FTC Targets Restaurant Fees and Surcharges
by David Klemt
Well, that didn’t take long. Less than two months after asking for the public’s input, the Federal Trade Commission is proposing legislation targeting additional fees and surcharges.
The proposed rule is known as the “Unfair or Deceptive Fees” rule. As one may imagine, the FTC is going after hidden and so-called “junk” fees.
As it stands, according to multiple outlets, this rule would prohibit restaurant and bar operators from surcharges that are commonplace. For example, larger-party fees, delivery surcharges, and even credit card processing charges would be banned by the rule.

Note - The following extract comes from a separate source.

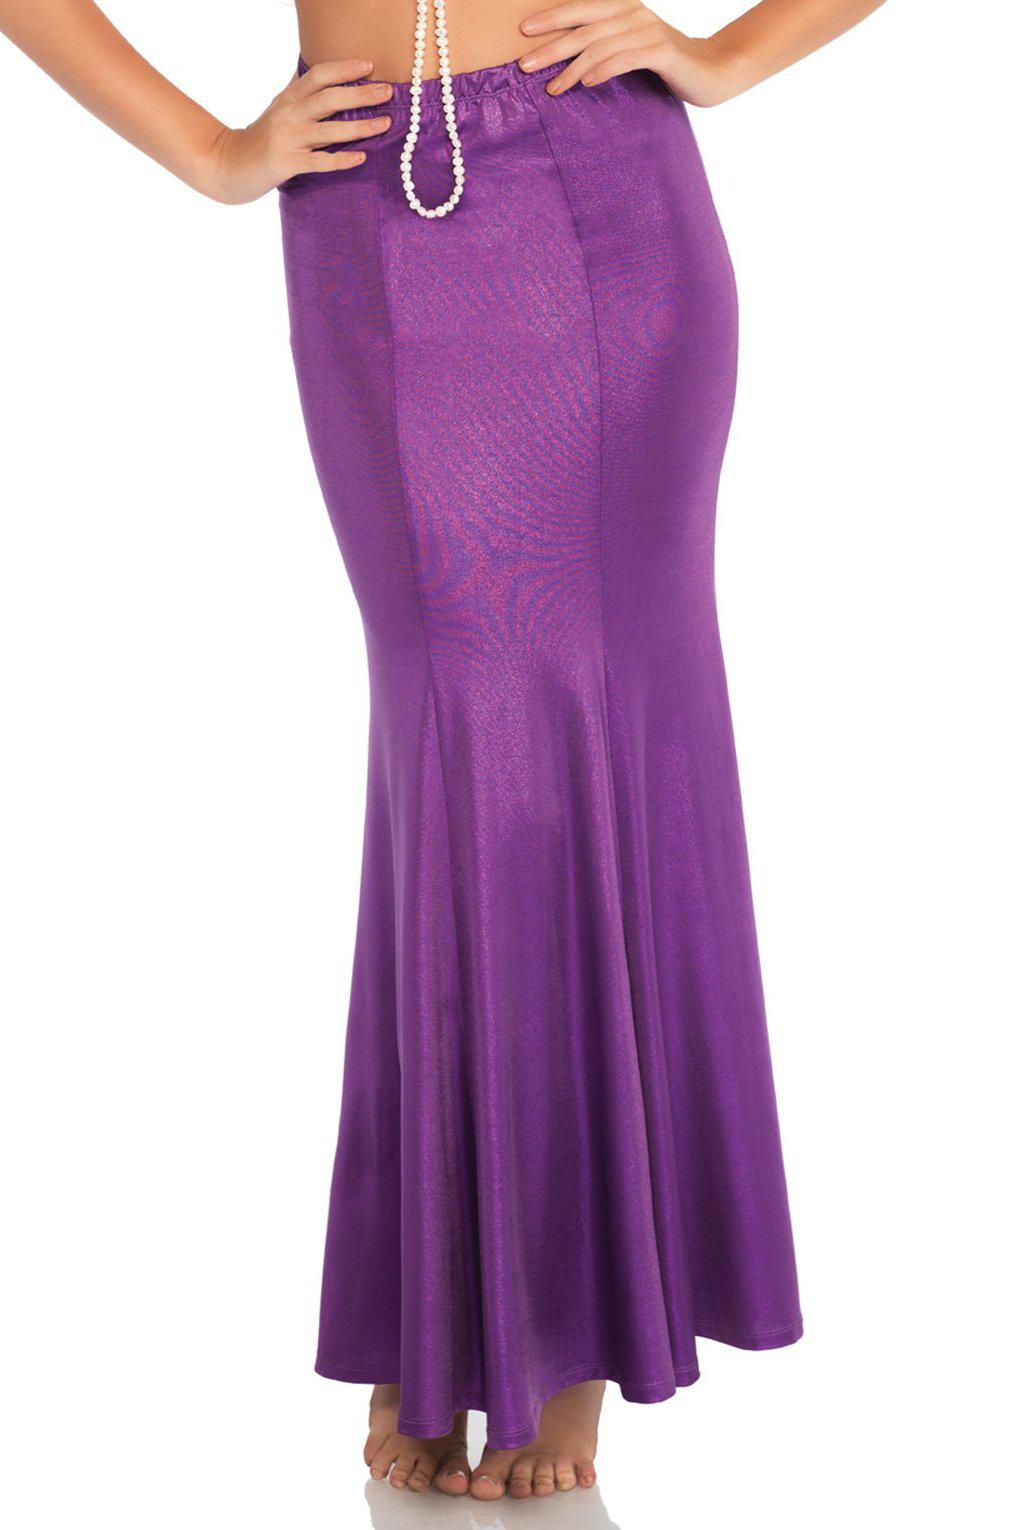 Plus Size Shimmer Spandex Mermaid Skirt-Mermaid Costumes-Leg Avenue-Purple-1/2XL-SEXYSHOES.COM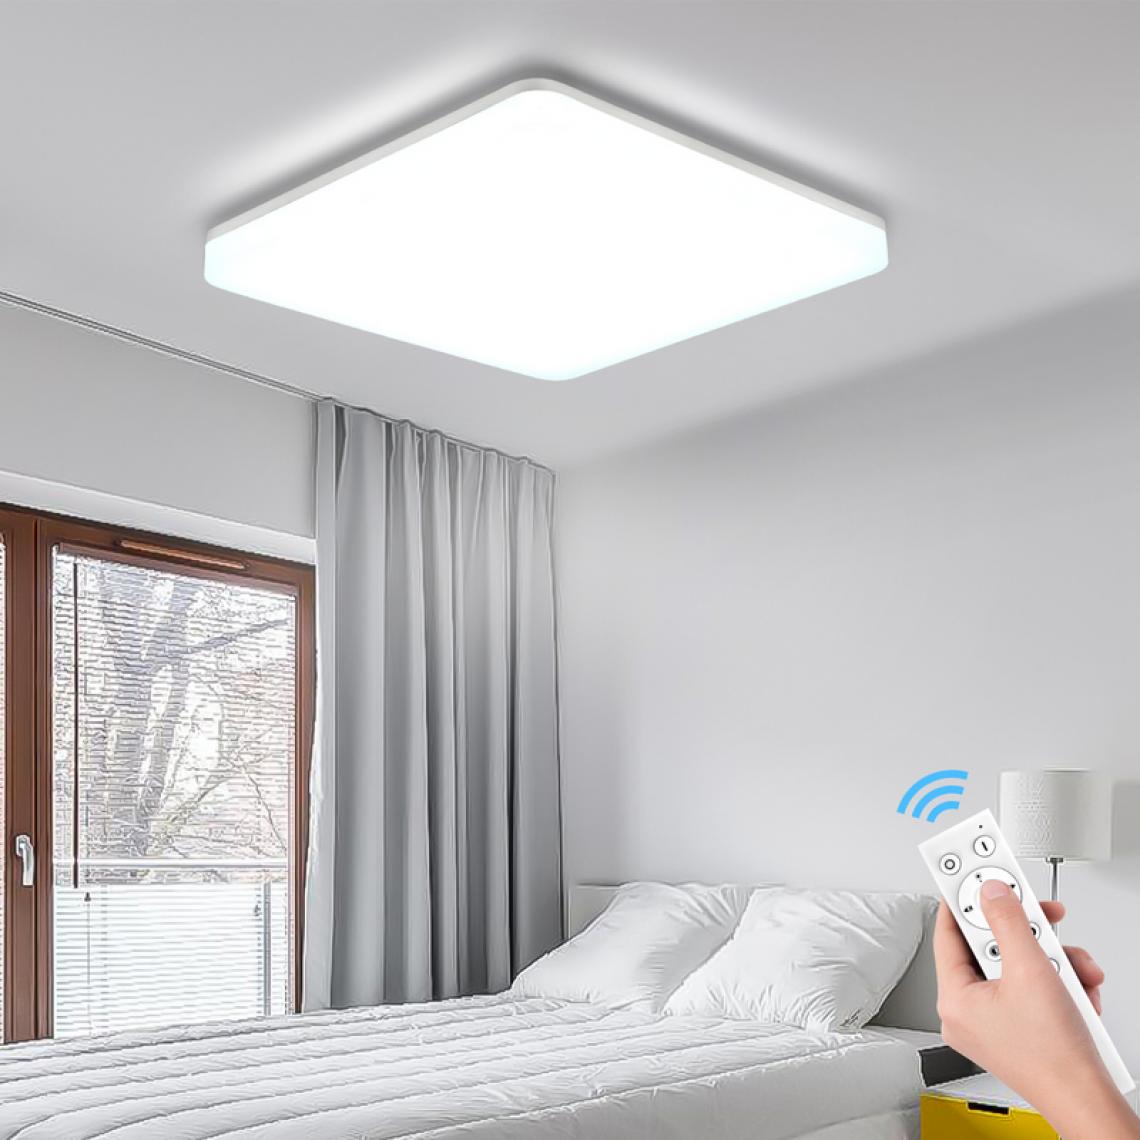 Einfeben - Plafonnier dimmable salon IP54 couloir lumière du jour plafonnier LED cuisine 24W - Lampe connectée

Instead, operators would be compelled to list total prices on menus, whether for goods or services. Further, the FTC is directing operators to provide larger groups with “larger group” menus. These separate menus would show total prices calculated to include any surcharges.
Even further, it’s being reported that the FTC is also addressing tips. The Commission’s rule directs operators who charge service fees in place of tips to remove the fee and return to tipping.
Interestingly, the National Restaurant Association is reporting that the FTC never identified restaurants as a targeted industry when asking for public comments about junk fees. However, other sources claim that restaurants were indeed included when the FTC put forth the request for public feedback.
Regardless, it’s a fair statement to say that the Commission doesn’t understand restaurant operation and costs. It appears that the FTC either didn’t work with any operators when drafting these proposed rules. Or, if they did seek out restaurant operator input, they put very little stock into it.
Costing Independents
One thing that’s clear is these proposed rules will cost operators. In particular, compliance will cost independent operations, which account for nearly 70 percent of American restaurants.
According to the NRA, the cost of changing menus will cost nearly $5,000 per operator, for starters.
“The FTC doesn’t take the realities of the restaurant industry into consideration,” reads the Association’s fact sheet. “Its estimated compliance cost—$3.5 billion—would equal a cost of $4,818.27 per operator for menus alone. Small independent operators run on a 3-5% margin and make an average of $45,000/year. The cost of making this change would be approximately 10% of their total income.”
As independent operators can attest, credit card swipe fees are a dynamic cost that affects them disproportionately in comparison to their chain restaurant counterparts. Since these fees are calculated on a per-transaction basis and not fixed, adjusting menu prices to comply with the FTC’s rule puts them at a costly disadvantage.
Then there’s the simple fact that when restaurants raise prices, traffic tends to drop. When traffic drops, revenue goes with it. And when traffic and revenue drops, hours are cut back, and people lose their jobs.
Harmful Legislation
As far as I can tell, this is another example of a government agency attempting to impose rules on an industry it doesn’t understand.
When drafting legislation that affects restaurants, a group of operators and industry advocates that truly represents those who will be impacted should be impaneled. Input should be taken into thoughtful consideration before drafting rules, and drafts should be provided to the panel to receive feedback.
Unfortunately, the past few years have made it clear that our industry has very few friends the federal government. Our lobby, such as it is, simply isn’t respected as valuable enough to warrant consideration before imposing harmful rules on the industry.
This, despite the fact restaurants and bars in America employ more than 12 million people. That’s a lot of voters too many elected lawmakers are willing to dismiss as unimportant.